Blanch (that is, peel off the brown skin) of five bitter, and ten sweet almonds; to do this, easily, pour boiling water on them, then pound them fine in a mortar. Set a pail with a quart of rich milk into a kettle of hot water; when it boils, put in the almonds. Mix two and a half table-spoonfuls of ground rice smooth, with a large tumbler of milk, and stir it in. Boil it half an hour, stirring it often; then add the yolks of three eggs beaten with half a coffee cup of fine sugar, and in about a minute take the pail from the kettle, and stir in another half cup of sugar. Pour it into a dish and set it away to cool. Cut the whites of the eggs, and a large spoonful of fine sugar to a stiff froth, drop them on the top with a large spoon, and set the pudding into the oven till the top is brown. To be eaten cold.
Baked Batter.
Allow a pint of cold milk, four table-spoonfuls of flour, two eggs, and a little salt.

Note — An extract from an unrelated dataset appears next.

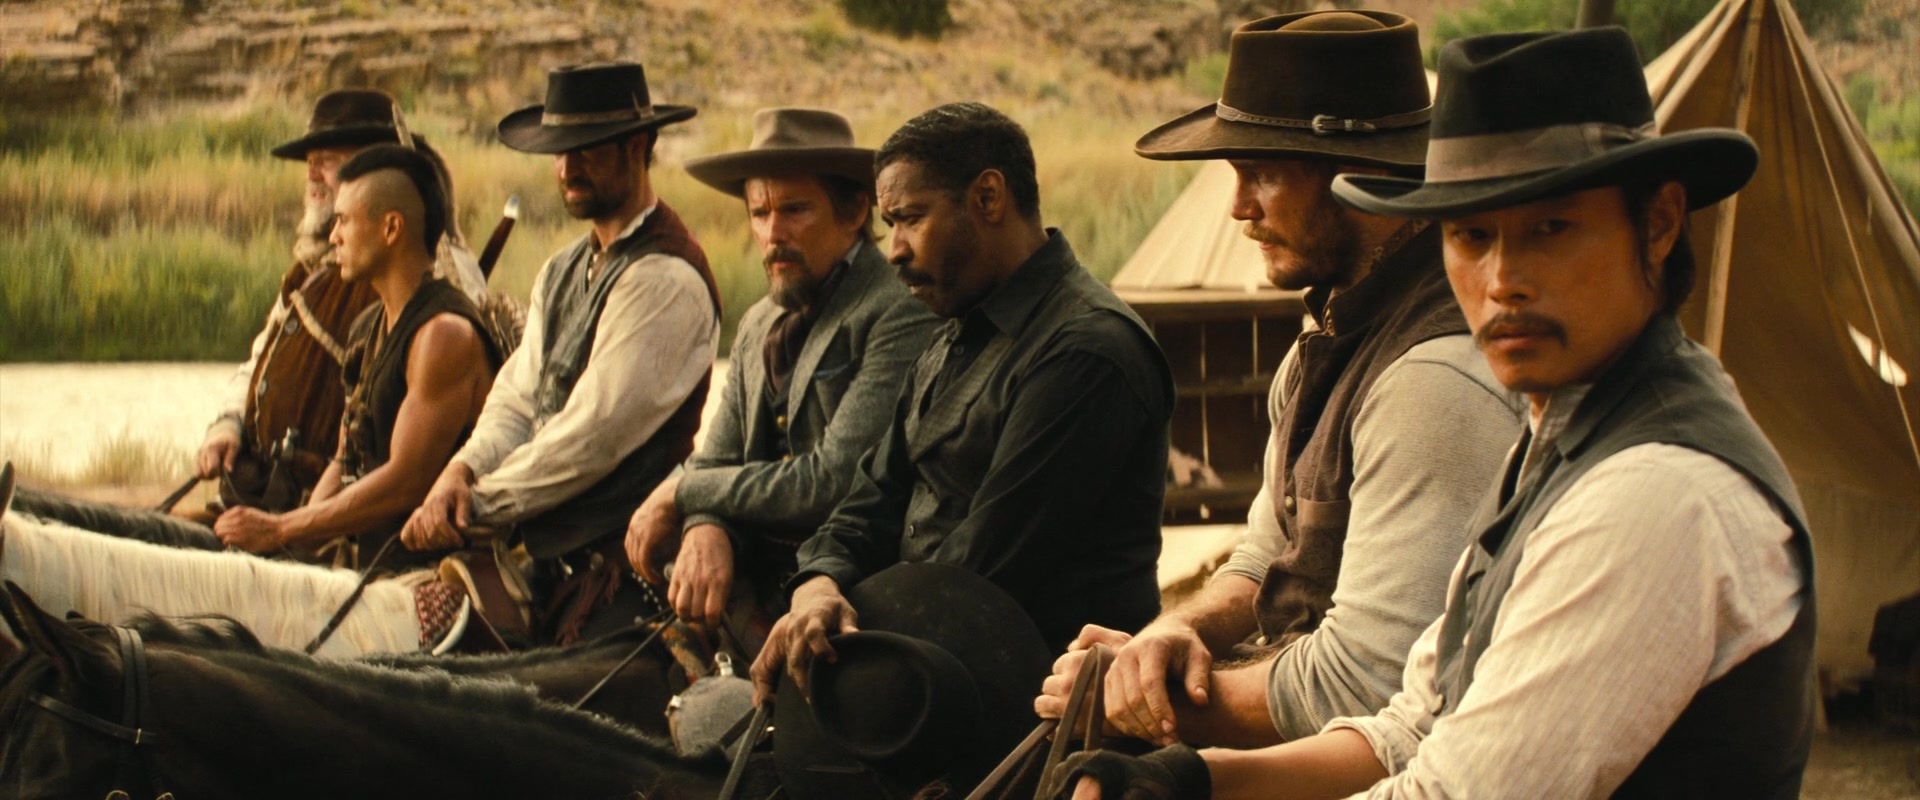 the_magnificent_seven_2016_1080p_bluray_x264-sparks_218.jpg

Stir the flour smooth in a part of the milk, then put in the eggs without first beating, and beat them well with the mixed flour. Then add the remainder of the milk, and the salt, and when well stirred together, pour it into a buttered dish, and bake it half an hour. When it is done, the whole top will have risen up. So long as there is a little sunken spot in the centre, it is not baked enough. Make a cold or melted sauce as you prefer. This makes an ample pudding for a family of four. A flour pudding will not be light unless it is put into the oven immediately on being made.
Boiled Batter.
Use the very same proportions; butter a tin pudding-pan having a close cover, and put in the mixture; set it immediately into a kettle of boiling water. See that the water comes up high enough around it to cook the pudding, but so that it will not boil quite up to the top. If it boils away, add more hot water.
Another.
To a quart of milk put six eggs, eight spoonfuls of flour, and a teaspoonful of salt. To be boiled two hours.